Nous ne sommes pas très au fait des affaires gouvernementales maliennes, en particulier des relations entre Koulouba et l’Élysée. Toutefois, nous savons par expérience que derrière les annonces souvent à l’emporte-pièce surtout en temps de crise et, reprises par les journalistes, les rapports entre dirigeants politiques sont plus subtils et les confidences du pouvoir aux journalistes ne sont jamais dénuées de calculs.
Il est évident que pour les hommes politiques et les militaires maliens, Paris n’a pas rempli son contrat de débarrasser le Mali de la menace djihadiste. C’était un impossible combat pour François Hollande et ses conseillers qui ne connaissaient rien à l’Afrique. Ils ont effectué, après l’opération Serval qui fut un ‘‘succès’’, une mauvaise analyse de la situation et, partant, ont pris de mauvaises décisions. Ils n’ont pas pris en compte la diversité ethnique et les diverses sensibilités des populations maliennes. D’où, l’expansion du djihadisme à travers le pays. Sans intelligence, ignorant volontairement l’aspect politique de la situation, ils ont tout misé sur l’option militaire en « mégotant » sur les moyens en hommes et matériels. Pour preuve, finalement l’appel aux moyens militaires américains et des États de l’Union Européenne en agitant le chiffon rouge du terrorisme. Ils ont sciemment ignoré l’incurie des dirigeants maliens. Ils ont pensé que les gouvernants maliens pouvaient être des rassembleurs et ont persisté malgré les évidences qui se sont faites rapidement jour.
Le divorce entre Paris et les militaires maliens arrivant au pouvoir après le coup d’état était donc inévitable. En effet, Paris et la communauté occidentale ne jurent que par leur modèle démocratique totalement inadapté aux réalités africaines, particulièrement au Mali en guerre.

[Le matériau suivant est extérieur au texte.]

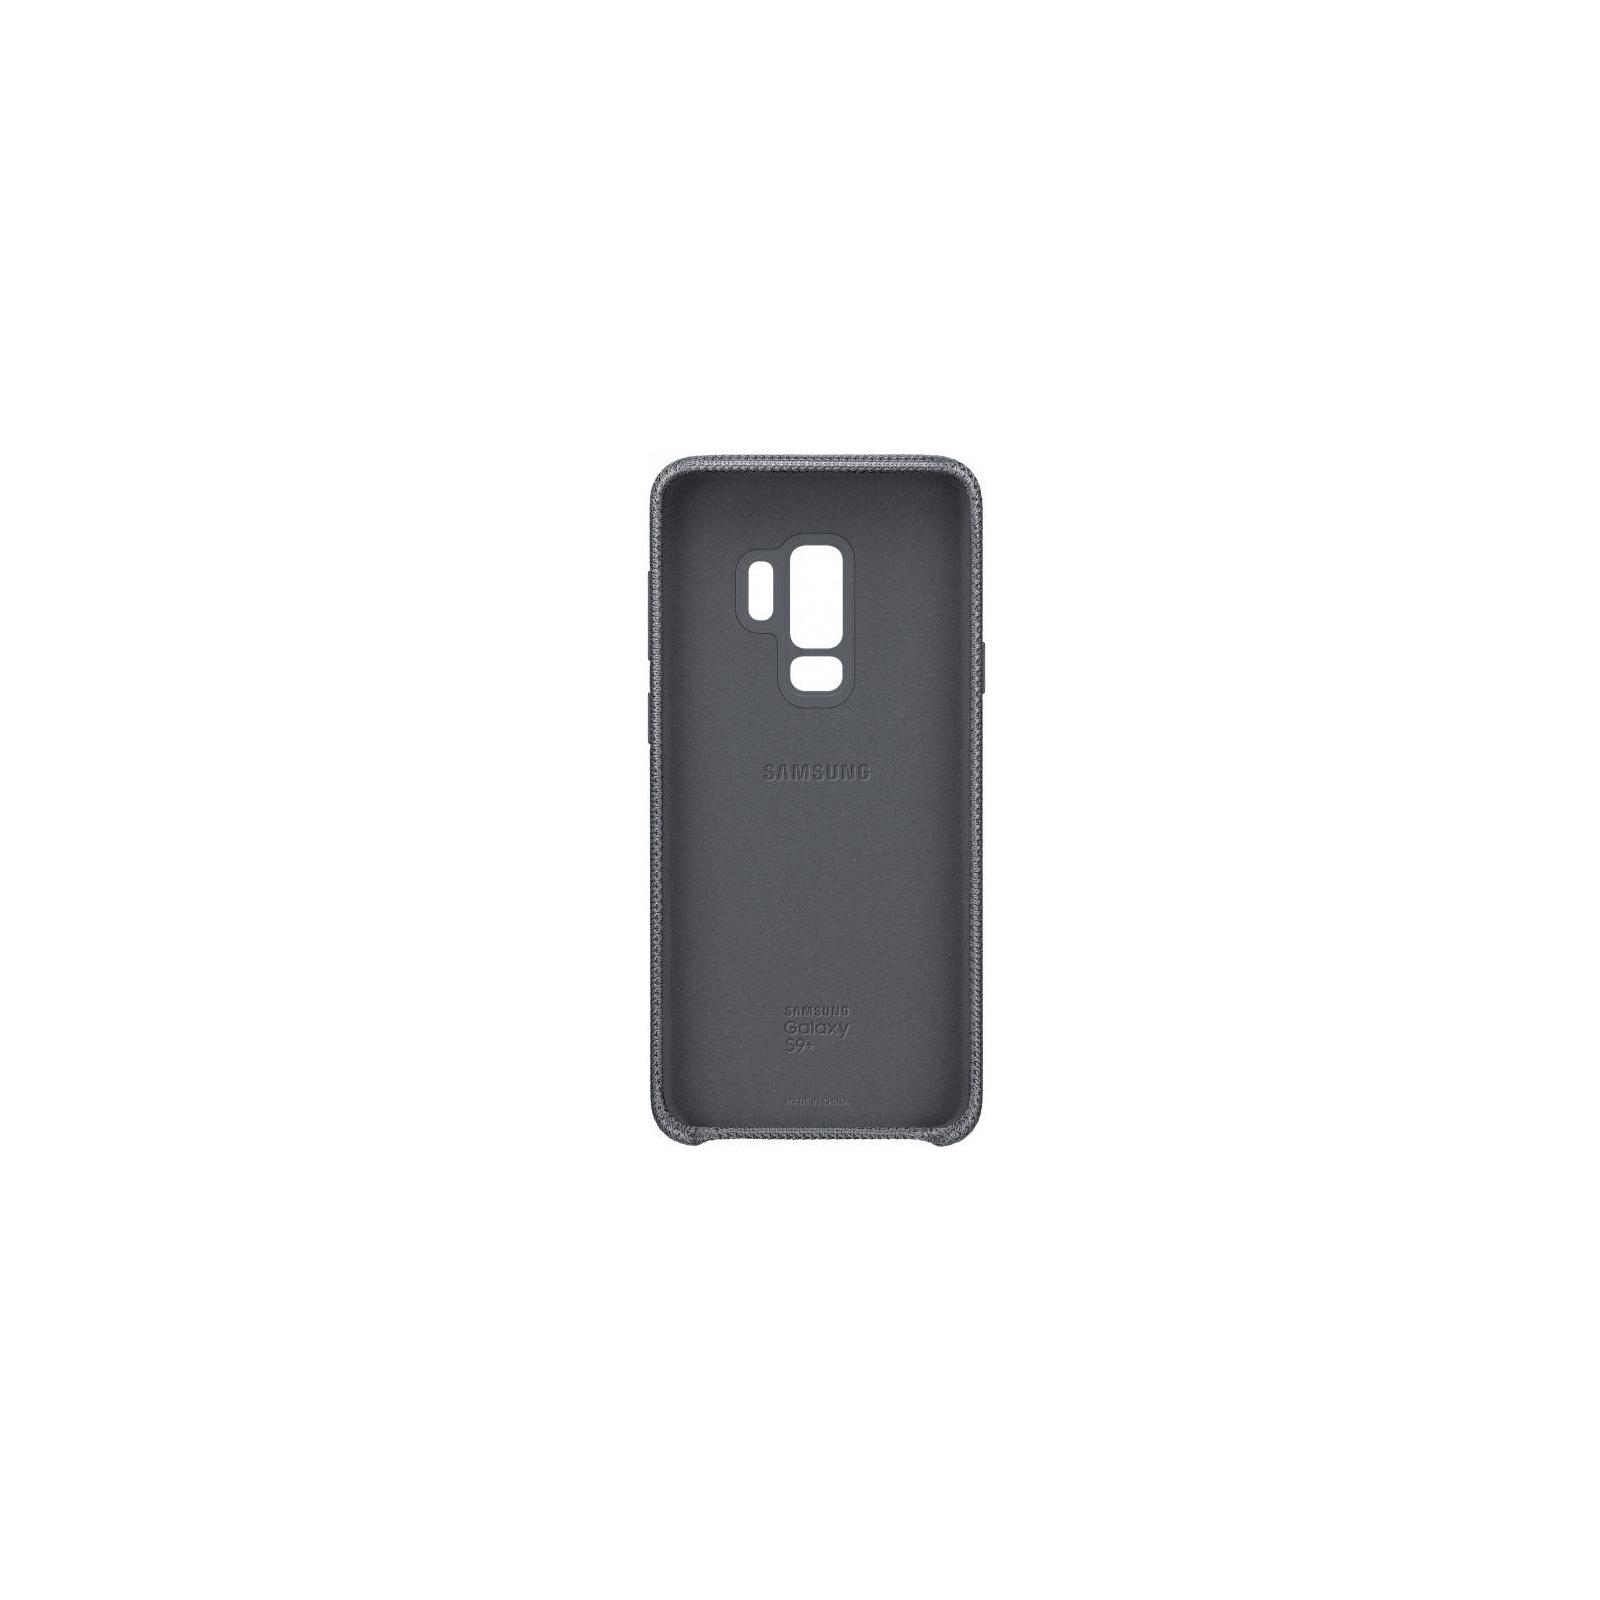 Чехол для моб. телефона Samsung для Galaxy S9+ (G965) Hyperknit Cover Grey (EF-GG965FJEGRU) изображение 2

Or, toutes politiques de gouvernance qui ne sont pas harmonieuses et discordantes avec les valeurs et pratiques culturelles du pays sont nécessairement vouées à l’échec. Les politiques actuelles de la France n’ont pas amélioré la situation, au contraire.
C’est notre constat succinctement évoqué. Nous reconnaissons qu’il est toujours facile d’écrire l’histoire après coup et de trouver des responsables. Cependant, bien avant le début des crises que nous vivons, nous avons condamné la gestion misérable des affaires maliennes par nos gouvernants et proposé des solutions viables et durables.
Les réalités de la géopolitique nous obligent à vite réparer les relations non seulement entre le Mali et la CEDEAO, mais aussi entre notre pays et l’Europe qui sont stratégiques et nécessaires pour notre nation. Il est crucial que les relations retournent à la normale tout en prenant en compte les valeurs sociopolitiques des deux parties afin d’éviter un clash sanglant préjudiciable tant aux Maliens qu’aux Européens. De toute façon, les Européens ne seront pas très loin du Mali puisqu’il nous semble qu’ils veulent réarticuler leur dispositif autour de notre pays.
Bamako aurait fait appel au groupe Wagner, société militaire privée, dirigée par des proches du Président Russe. Les mercenaires n’y vont généralement pas de main morte. Leurs modes d’action sont plus brutaux que ceux d’une armée régulière. Peut-être serait-ce un bien, à court terme, pour conforter le pouvoir actuel qui dit avoir besoin de remettre de l’ordre dans le pays. Seul le temps nous dira quelle solution aurait dû l’emporter.